As used herein, a “pharmaceutically acceptable carrier” means a pharmaceutically acceptable material, composition or carrier, such as a liquid or solid filler, diluent, excipient, solvent or encapsulating material, involved in carrying or transporting a compound(s) of the present disclosure within or to the subject such that it can perform its intended function. Typically, such compounds are carried or transported from one organ, or portion of the body, to another organ, or portion of the body. Each carrier must be “acceptable” in the sense of being compatible with the other ingredients of the formulation, and not injurious to the patient. Some examples of materials that can serve as pharmaceutically acceptable carriers include: sugars, such as lactose, glucose and sucrose; starches, such as corn starch and potato starch; cellulose, and its derivatives, such as sodium carboxymethyl cellulose, ethyl cellulose and cellulose acetate; powdered tragacanth; malt; gelatin; talc; excipients, such as cocoa butter and suppository waxes; oils, such as peanut oil, cottonseed oil, safflower oil, sesame oil, olive oil, corn oil and soybean oil; glycols, such as propylene glycol; polyols, such as glycerin, sorbitol, mannitol and polyethylene glycol; esters, such as ethyl oleate and ethyl laurate; agar; buffering agents, such as magnesium hydroxide and aluminum hydroxide; alginic acid; pyrogen-free water; isotonic saline; Ringer’s solution; ethyl alcohol; phosphate buffer solutions; and other non-toxic compatible substances employed in pharmaceutical formulations. As used herein “pharmaceutically acceptable carrier” also includes any and all coatings, antibacterial and antifungal agents, and absorption delaying agents, and the like that are compatible with the activity of the compound, and are physiologically acceptable to the subject. Supplementary active compounds can also be incorporated into the compositions.

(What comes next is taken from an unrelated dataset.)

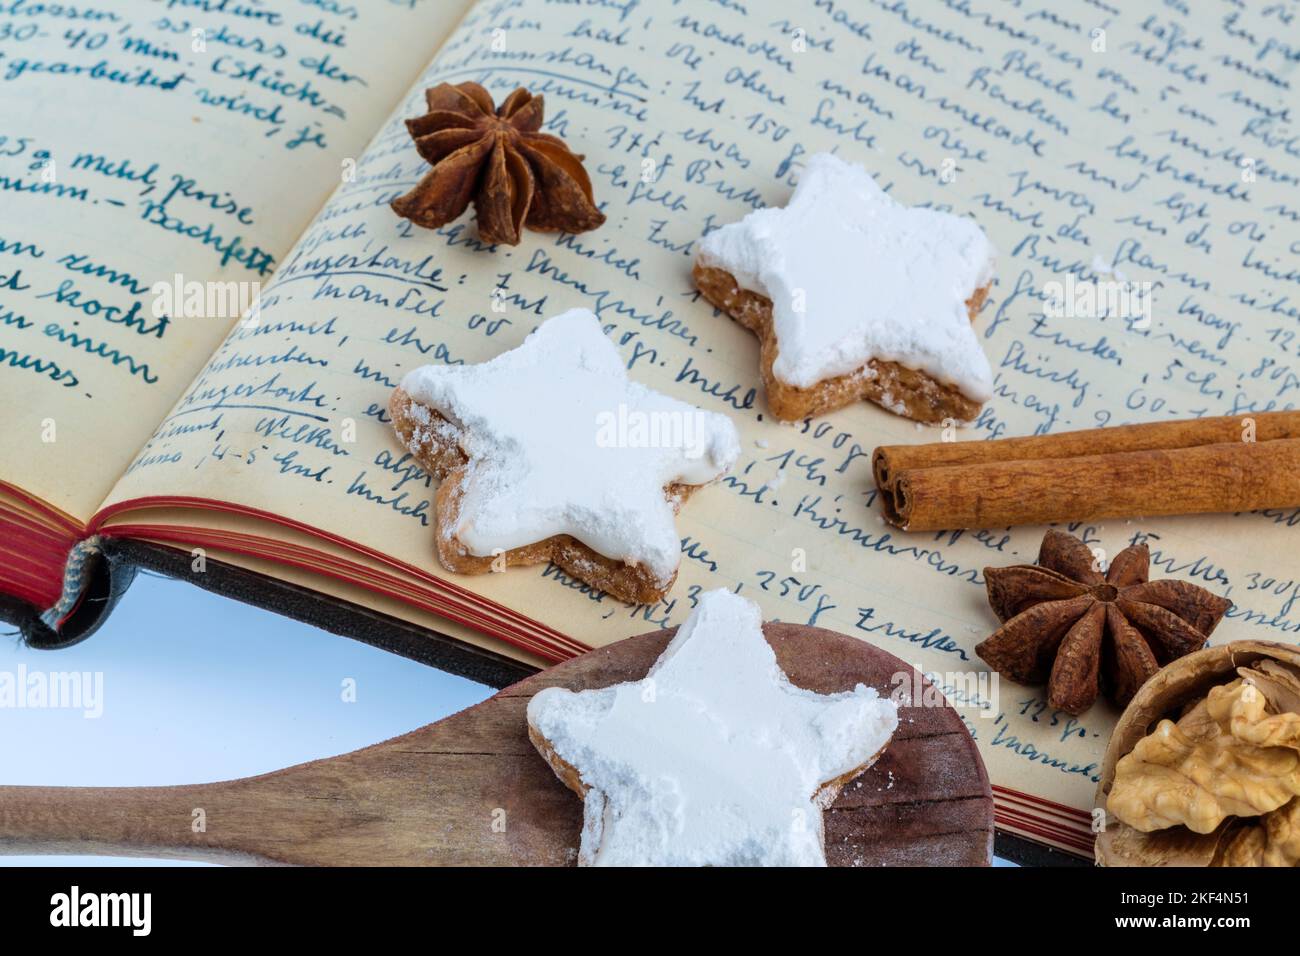 Weihnachtsbäckerei, Zutaten für Kekse und Plätzchen, die zu Weihnachten gebacken werden, Rezeptbuch, Omas Rezepte, Stock Photo

As used herein, the language “pharmaceutically acceptable salt” refers to a salt of the administered compounds prepared from pharmaceutically acceptable non-toxic acids, including inorganic acids, organic acids, solvates, hydrates, or clathrates thereof.
As used herein, a viral strain is “resistant” to an antiviral agent if the minimum concentration necessary to inhibit the growth and/or kill the strain is higher than the average minimum concentration that inhibits the growth and/or kills other strains of the same virus. In certain embodiments, the minimum concentration of the antiviral agent necessary to inhibit the growth and/or kill the resistant strain is at least about 2 times higher, about 4 times higher, about 8 times higher, about 16 times higher, about 32 times higher, about 64 times higher, about 128 times higher, about 256 times higher, about 512 times higher, about 1,024 times higher, or about 2,048 times higher, about 10,000 times higher, or about 100,000 times higher than the average minimum concentration of the antiviral agent that inhibits the growth and/or kills other strains of the same virus.
By the term “specifically bind” or “specifically binds” as used herein is meant that a first molecule (e.g., an antibody) preferentially binds to a second molecule (e.g., a particular antigenic epitope), but does not necessarily bind only to that second molecule.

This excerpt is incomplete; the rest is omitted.